Alzheimer's Support Services Sheridan WY

This page provides relevant content and local businesses that can help with your search for information on Alzheimer's Support Services. You will find informative articles about Alzheimer's Support Services, including "What Is Alzheimer's?". Below you will also find local businesses that may provide the products or services you are looking for. Please scroll down to find the local resources in Sheridan, WY that can help answer your questions about Alzheimer's Support Services.

Day Break
(307) 672-2240
211 Smith Street
Sheridan, WY
Services
Alz/Dementia Support

Data Provided By:
Hospice Of The Big Horns
(307) 672-1083
1401 West Fifth Street
Sheridan, WY
Specialty
Hospices

Margaret Reed
1495 Cedar Ave
Sheridan, WY
Specialty
Geriatric Internal Medicine, Alzheimer's Specialist

Sheridan Manor
(307) 674-4416
1851 Big Horn Avenue
Sheridan, WY
Specialty
Skilled Nursing Facilities

George Watson
(307) 672-3473
1898 Fort Rd
Sheridan, WY
Specialty
Psychiatry, Alzheimer's Specialist

Westview Health Care Center
(307) 672-9789
1990 West Loucks
Sheridan, WY
Specialty
Skilled Nursing Facilities

Northern Wyoming Mental Hlth Ctr
(307) 674-5534
1221 W Fifth St Po Box 3079
Sheridan, WY
Specialty
Alzheimer's Research FoundationAlzheimer's Research Foundation

Memorial Hospital Home Care
(307) 672-1083
132 North Gould
Sheridan, WY
Specialty
Home Health Agencies

Robert Murphy
(307) 672-6779
1300 Martin Ave
Sheridan, WY
Specialty
Psychiatry, Alzheimer's Specialist

Five Trails Adult Day Care Center
(307) 265-4678
1514 East 12th Street
Casper, WY
Services
Alz/Dementia Support

Data Provided By:
Data Provided By:

What Is Alzheimer's?

Answer:
Alzheimer’s disease is the most common cause of dementia .

When a person is afflicted with this condition involves the loss of intellectual and social abilities that are severe enough to interfere with daily functioning.

With this condition, the healthy brain tissue degenerates, which causes a steady decline in their memory and mental abilities. This condition is not a part of normal aging, but the risk of the disease developing increases with age. Roughly five percent of the people between the ages of 65 and 74 have Alzheimer’s disease, but nearly half of the people over age 85 have this disease. There currently is no cure for this disease, but there are treatments which can improve the quality of life for people suffering from this disease.

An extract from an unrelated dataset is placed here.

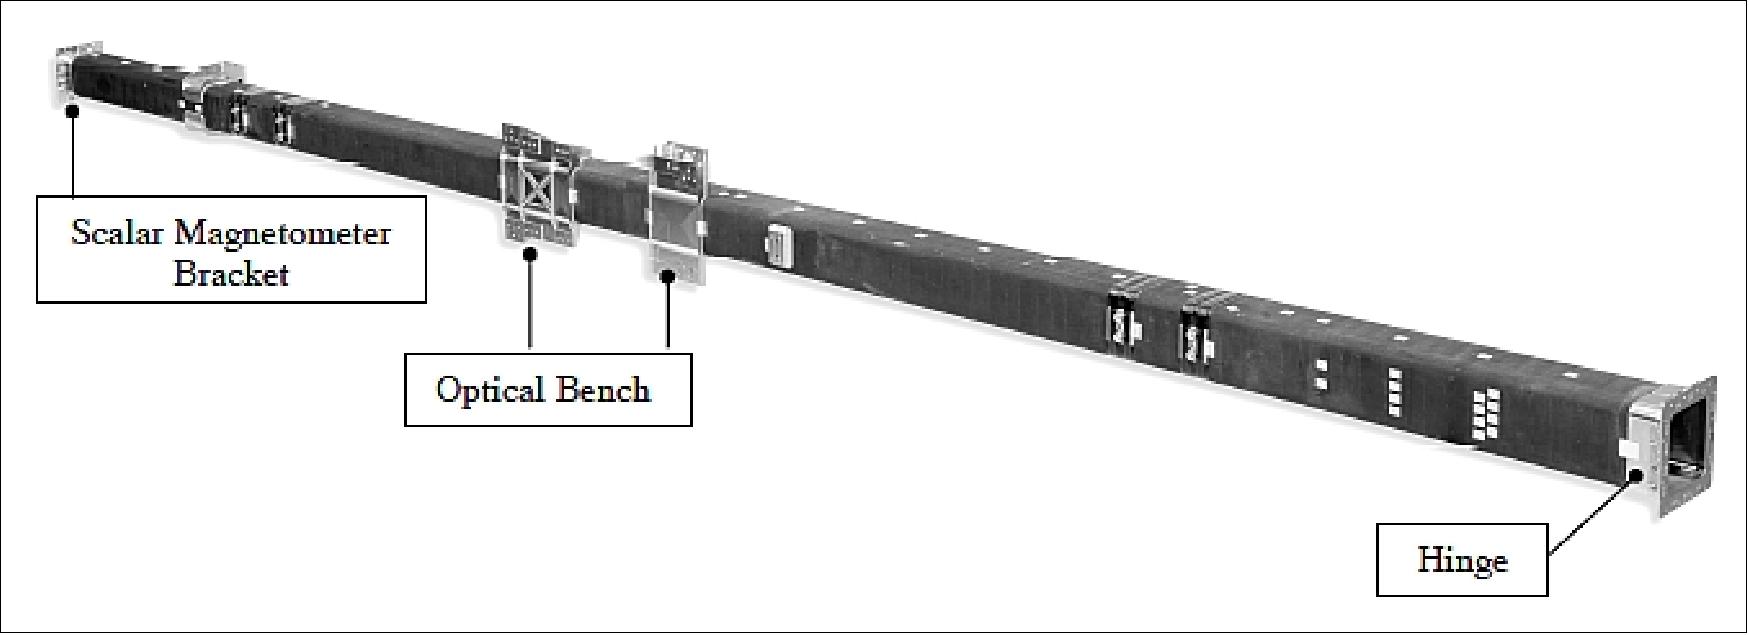 Figure 8: The Swarm optical bench, carbon-fiber tube assembly (image credit: RUAG)

Alzheimer’s may start with slight memory loss and confusion, but eventually it will lead to irreversible mental impairment that will take away the patient’s ability to remember, reason, learn, and imagine.

People with Alzheimer’s may exhibit the following: repeat things, often forget conversations and appointments, routinely misplace things or put them in odd places, and eventually forget the names of family members and everyday objects. These memory problems will persist and worsen over time.